And now for the contentious CISPA bill:

- Alec Ross, Senior Advisor for Innovation, to Secrectary of State, Hillary Clinton made a statement that “The Obama administration opposes CISPA. The president has called for comprehensive cybersecurity legislation. [...] part of what has been communicated to congressional committees is that we want legislation to come with necessary protections for individuals.” Later in the week, Obama’s Office of Management and Budget said in a statement. “The Administration strongly opposes H.R. 3523, the Cyber Intelligence Sharing and Protection Act, in its current form. If H.R. 3523 were presented to the President, his senior advisors would recommend that he veto the bill.” Remember Obama also made a statement opposing the NDAA and then later signed it. Afterwards he made a public statement stating his “reluctance” and “hesitancy” over the clause around detaining American citizens without a trial.

- Ron Paul made a statement against CISPA on “Texas Straight Talk”, hey says “[...]CISPA represents a form of corportism, as it further intertwines goverments with companies like Google and Facebook [...]“. He also made statements against SOPA stating they could be used against our freedom and our privacy.

- American Conservative Union, Competitive Enterprise Institute, the Liberty Coalition sent a letter stating how CISPA is bad for privacy and fails to protect sensitive information and lack of strict goverment oversight.

- Eighteen members of the House wrote a letter to CISPA’s lead sponsors stating their disaproval and lack of privacy protections. The signitures include representatives: Bennie Thompson from Mississippi, Jan Schakowsky from Illinois, Zoe Lofgren from California, Gerald Nadler from New York, Scott and Jared Polis from Colorado.

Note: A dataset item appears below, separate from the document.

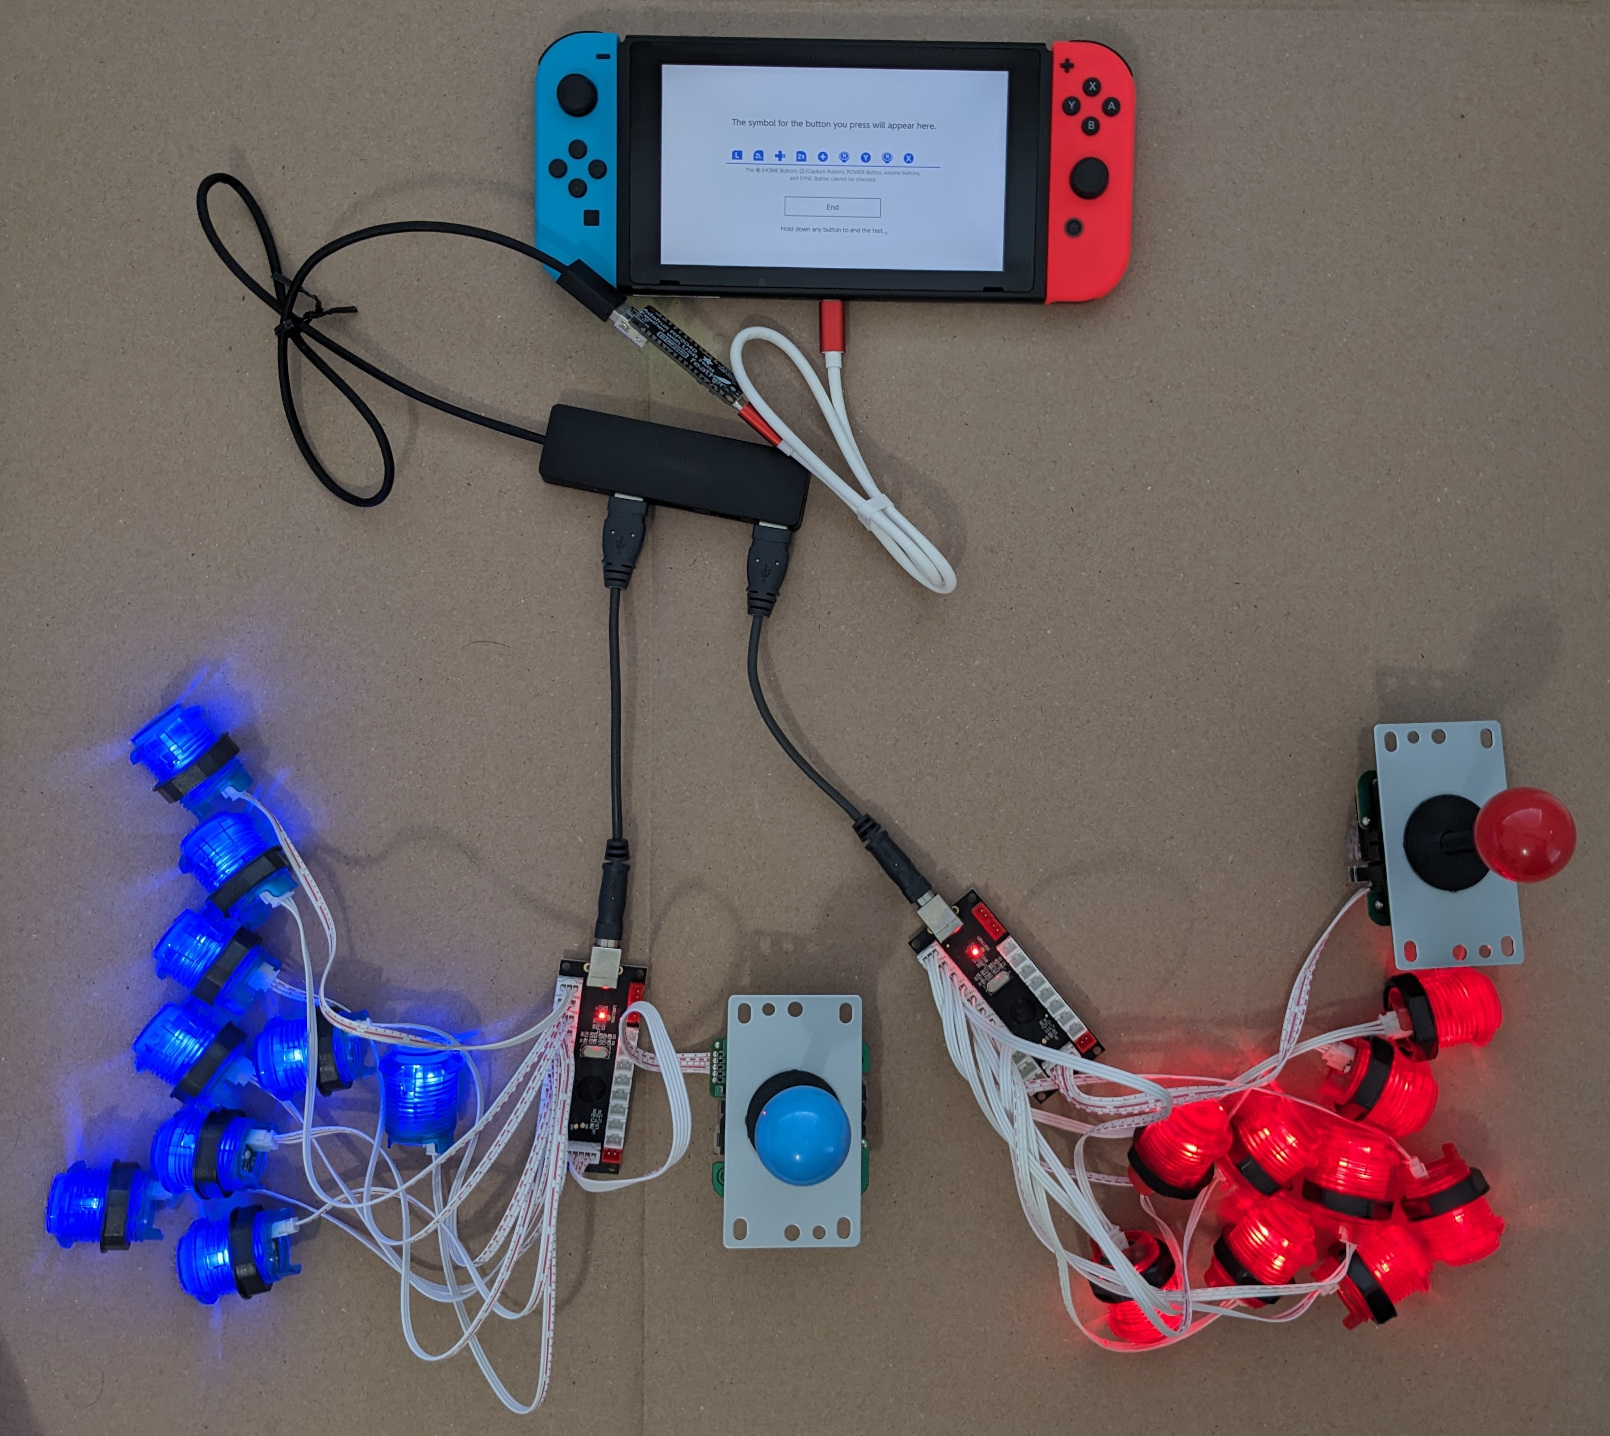 Nintendo Switch connected to 2 joysticks and 18 arcade buttons

- A group of security experts, academics and engineers sent a letter to Congress, in a summary they say to reject any legislation that, “Exempts ‘cybersecurity’ activities from existing laws that protect individuals’ privacy and devices, such as the Wiretap Act, the Stored Communications Act, and the Computer Fraud and Abuse Act.” and “Gives sweeping immunity from liability to companies even if they violate individuals’ privacy, and without evidence of wrongdoing.”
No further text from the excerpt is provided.